Cartoon illustration of a mouse gut biome We are thrilled to be presenting the latest MGnify Genomes catalogue comprising 112,951 genomes derived from mouse gut datasets, represented by 2,847 species-level cluster representative genomes.

This catalogue was generated as part of our work with the MRC funded National Mouse Genetics Network (NMGN), and combines three existing mouse gut genome catalogues, as well as genomes generated by MGnify from additional publicly-available datasets. The contributing catalogues are the Mouse Gastrointestinal Bacteria Catalogue (MGBC), the Comprehensive Mouse Microbiota Genome (CMMG) catalogue, and the integrated Mouse Gut Metagenomic Catalog (iMGMC) as published in Beresford-Jones et al. Cell Host & Microbe (2022), Kieser et al. PLoS Comput Biol (2022), and Lesker et al. Cell Rep (2020) respectively.
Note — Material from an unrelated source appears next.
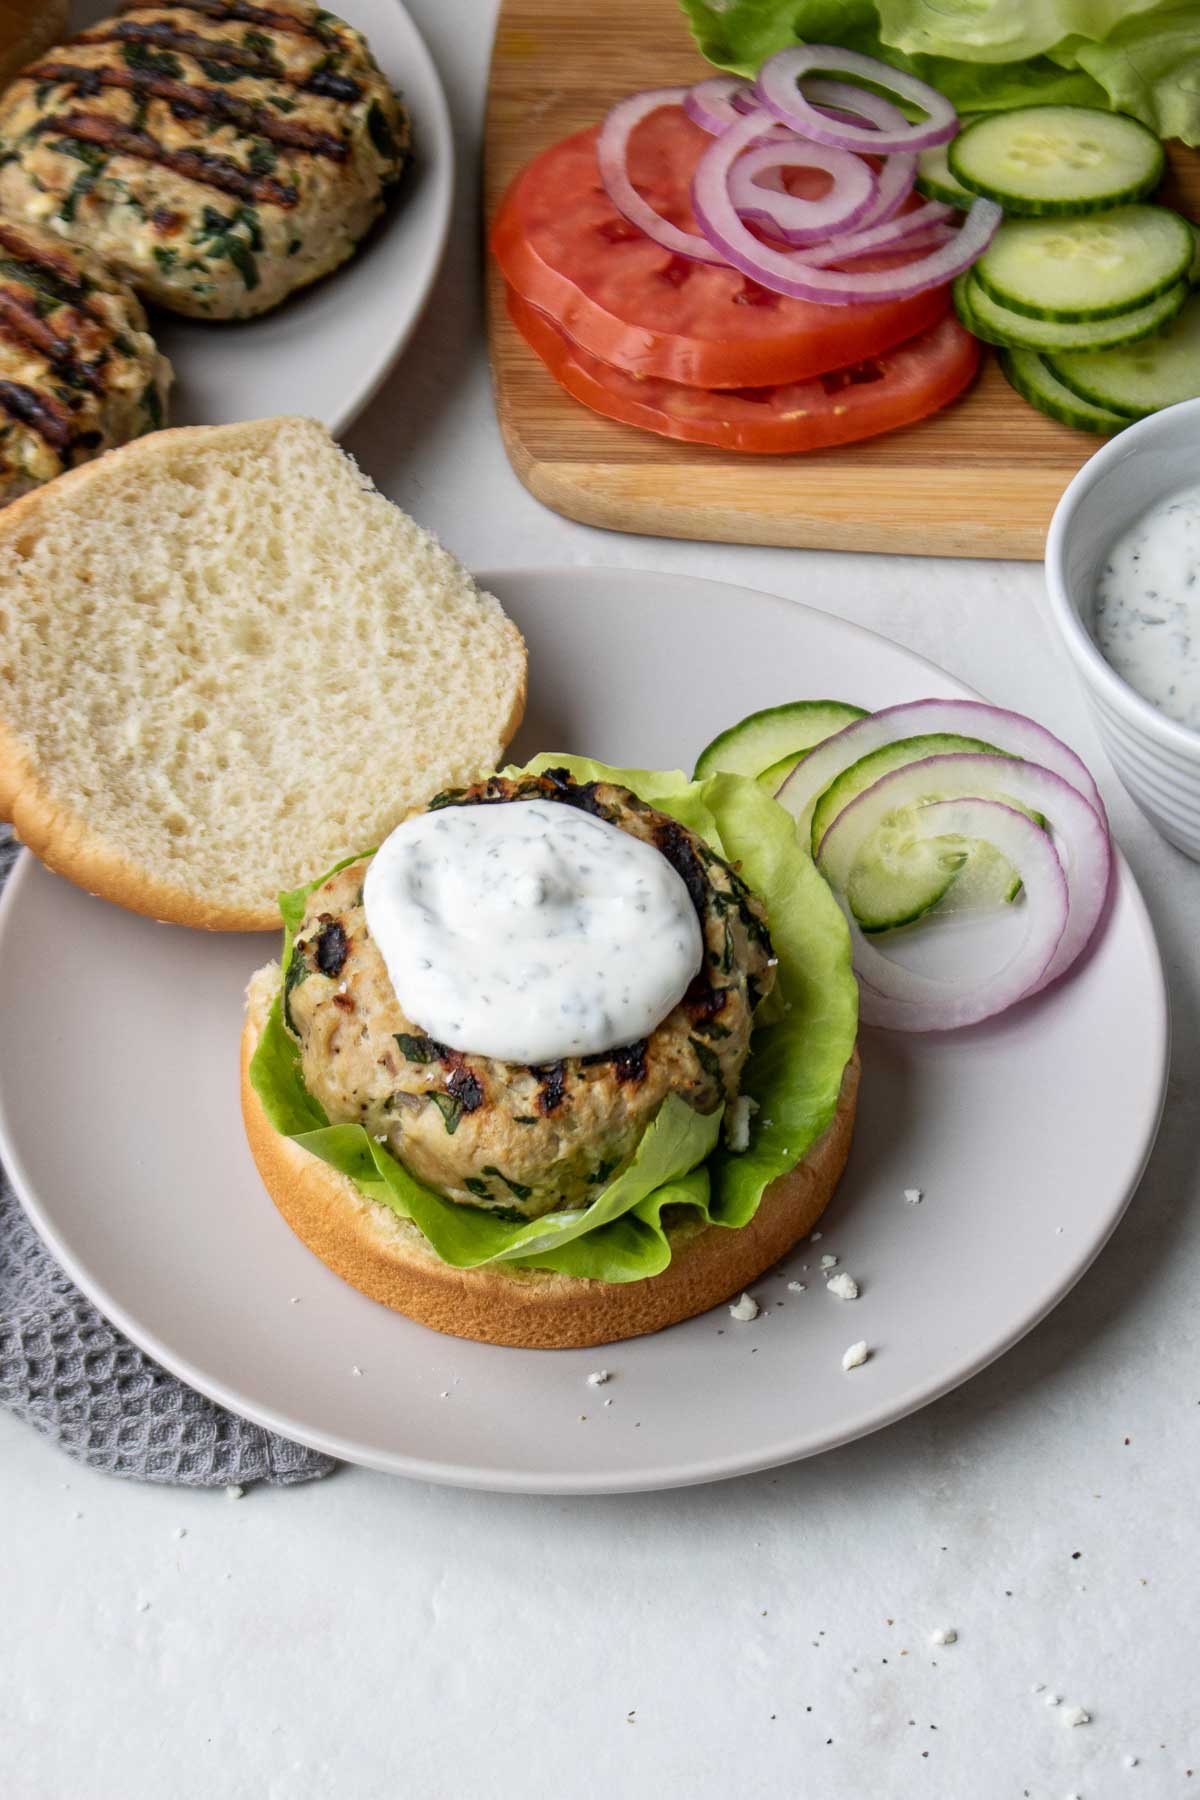 Cooked turkey burgers with spinach and feta being prepared with toppings on a cutting board.

The total genomes in the catalogue were quality-filtered and clustered using the catalogue generation process as described in Gurbich et al. (2023). An overview of the process is shown in Figure 1 and the resulting taxonomic diversity of the mouse gut catalogue is represented in Figure 2.

Schematic illustration of dataflow from three existing catalogues and newly assemblyed MAGs into the new unified catalogue

Figure 1: Overview of catalogue generation. The mouse gut catalogue was generated from a combination of newly-assembled MAGs derived from publicly-available Whole Genome Shotgun (WGS) datasets, and existing genomes from three external catalogues. The MGnify Genomes pipeline (as described in Gurbich et al. (2023)) was used to produce the final mouse gut catalogue.

As with existing MGnify Genome catalogues, we provide an associated protein catalogue, available from our FTP site, clustered at 100%, 95%, 90% and 50% amino acid identity. MGnify Genomes’ search tools enable users to compare their own data against the catalogue. Gene sequences can be searched against the catalogue using a COBS-based search, whereas whole genomes or sets of genomes can be compared using a sourmash-based search.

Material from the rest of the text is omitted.